I tried something like this, but this code needs to at least be tweaked before it will work, and I am not sure it is the best solution:

 

data clean.eHARS;

set clean.eHARS;

 

    dx_dt_day=input(hiv_aids_dx_dt,YYMMDD10.);

    format dx_dt_day YYMMDD10.;

 

dx_dt_mon=input(hiv_aids_dx_dt,YYMMDD10.);

    format dx_dt_day MONYY.;

 

dx_dt_year=input(hiv_aids_dx_dt,YYMMDD10.);

    format dx_dt_day YEARw.;

;

run;

 

Any help would be very much appreciated.

 

Thanks so much in advance!


Accepted Solutions
Solution
‎01-04-2017 06:19 PM
Respected Advisor
Posts: 3,900

Re: Working with incomplete dates

@Kels123

Will this code still work if there are periods in place of the missing components of the dates?

 

For the code I've already posted: No, as you haven't told us that your data looks this way.

 

One way to go: Just remove anything from the string that's not a digit.

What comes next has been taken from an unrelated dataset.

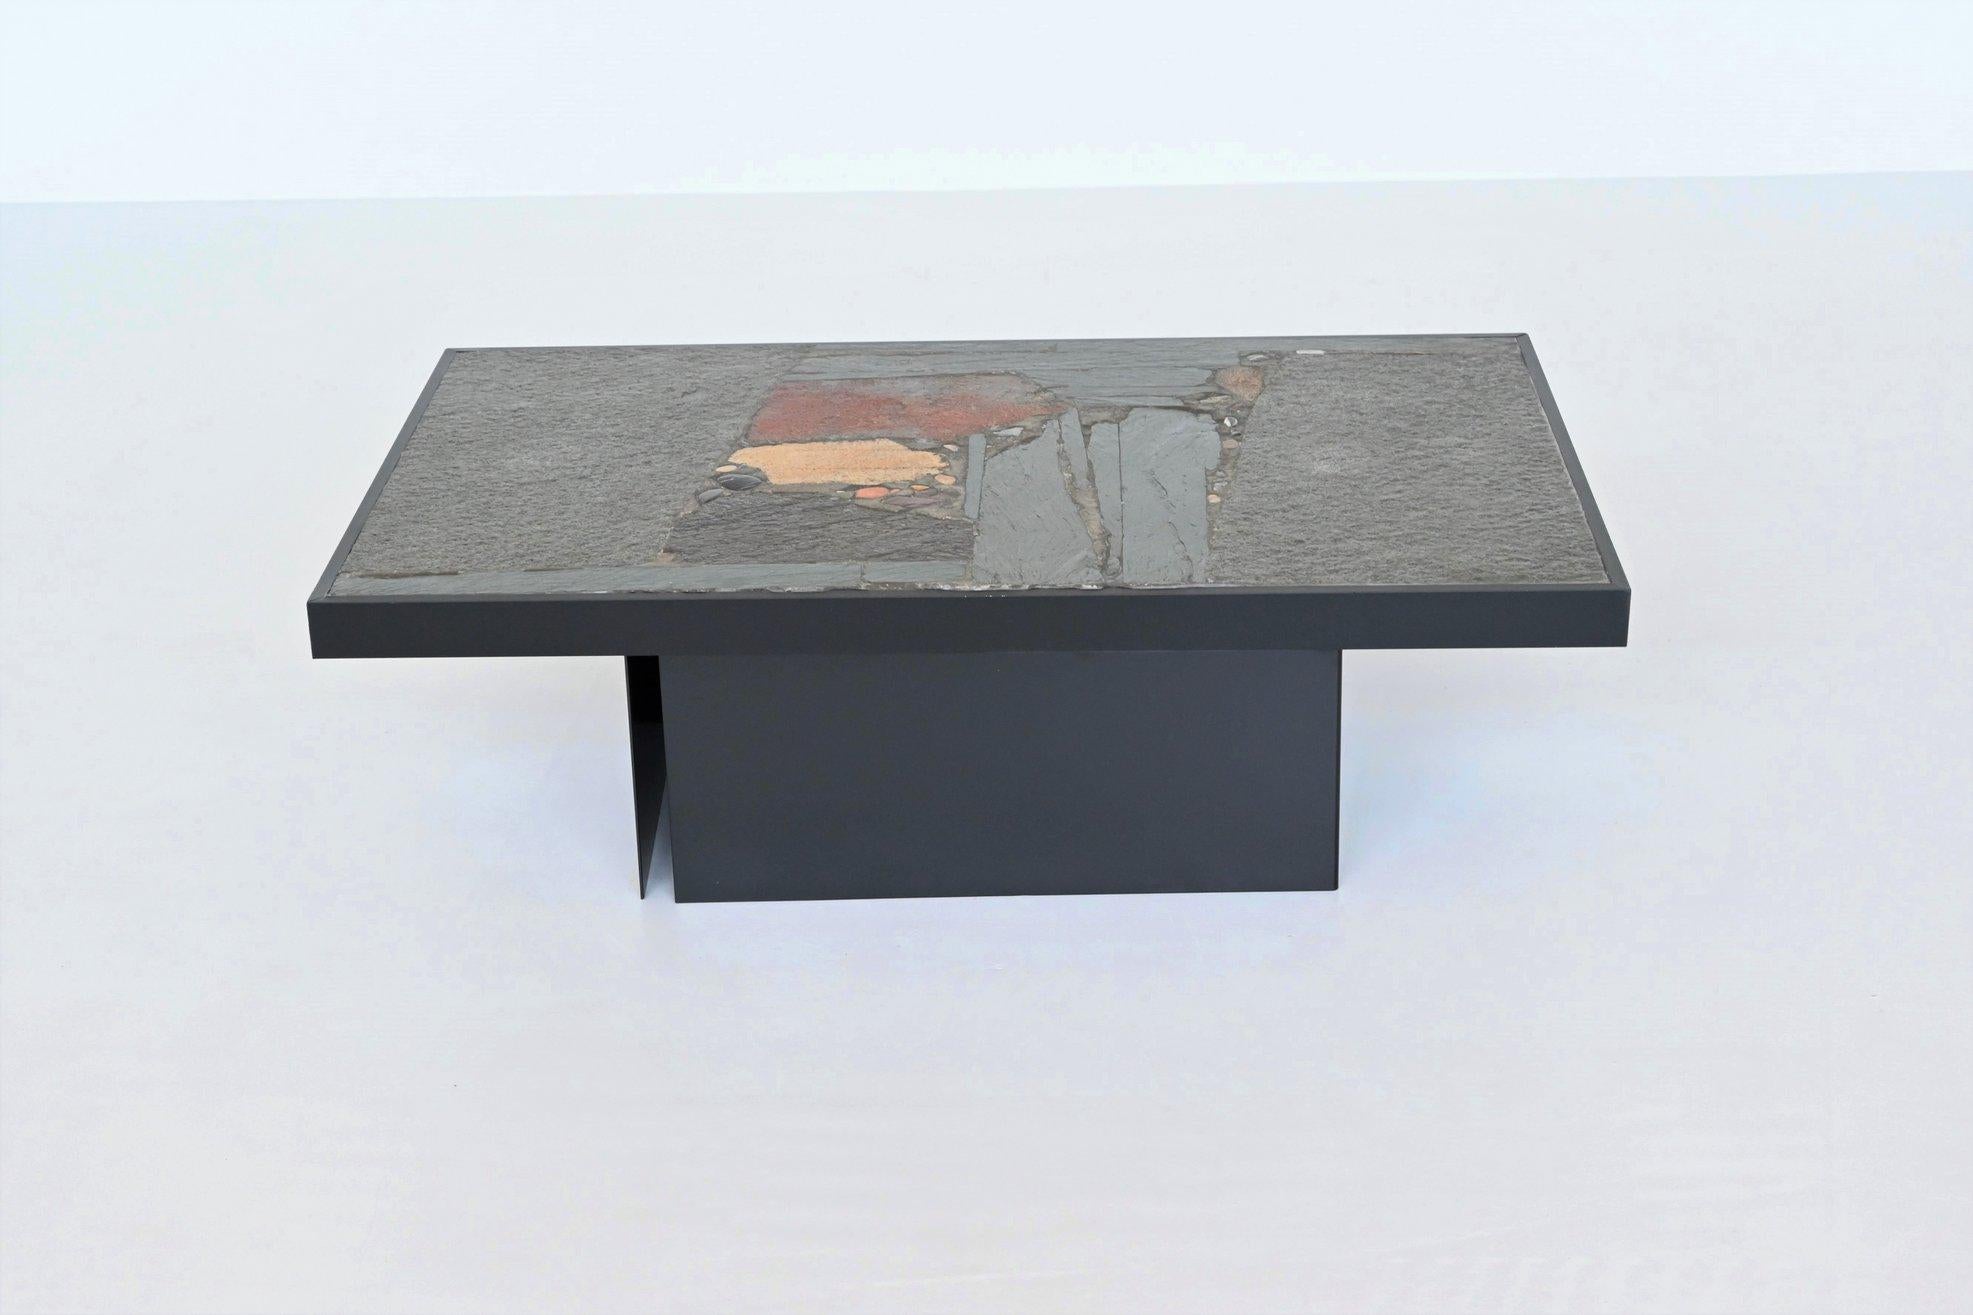 Magnifique table basse de forme rectangulaire conçue et fabriquée par Paul Kingma, Pays-Bas 1970. Le lourd plateau en béton repose sur une base de deux socles en métal laqué noir qui peuvent être placés dans plusieurs positions. Une belle

 date_str=compress(date_str,,'kd');

 

data sample;
  input pattern :$8. date_str :$8.;
  date_str=compress(date_str,,'kd');
  format date_derived date9.;
  length pattern_used $8;
  select(lengthn(date_str));
    when(4) 
      do;
        pattern_used='YYYY';
        date_derived=mdy('07','01',date_str);
      end;
/*    when(6) */
/*      do;*/
/*        pattern_used='YYYYMM';*/
/*        date_derived=input(date_str,yymmn6.)+14;*/
/*      end;*/
    when(6) 
      do;
        pattern_used='YYYYMM';
        date_derived=intnx('month',input(date_str,yymmn6.),0,'m');
      end;
    when(8) 
      do;
        pattern_used='YYYYMMDD';
        date_derived=input(date_str,yymmdd8.);
      end;
    otherwise;
  end;
  datalines;
yyyy 2016.....
yyyymm 201612--
yyyymm 201602??
yyyymm 201502
yyyymmdd 20161205
n/a 20
;
run;

View solution in original post


All Replies
Super User
Posts: 17,907

Re: Working with incomplete dates

There isn't a set way to deal with this type of scenario. Your going to have to write your own rules. Look for papers on cleaning dates on lexjansen.com, there will be lots of examples. 

 

Your second date is 2008 and a day of 28, with no month? Or something else? 

 

Is your data originally in Excel, it may have messed up your data. 

 

Also, can you work off other dates in your dataset? Your likely going to do some manual data cleaning. 

Respected Advisor
Posts: 3,900

Re: Working with incomplete dates

[ Edited ]

SAS stores dates internally as a numeric value which is the count of days since 1/1/1960; so it's always a specific day.

 

For this reason conversion of an incomplete date string into a SAS date value must result in a specific calendar date and you must make a few decisions before you can code for such a conversion.

 

Questions

- year only: would you want to map this to a date beginning, middle or end of year?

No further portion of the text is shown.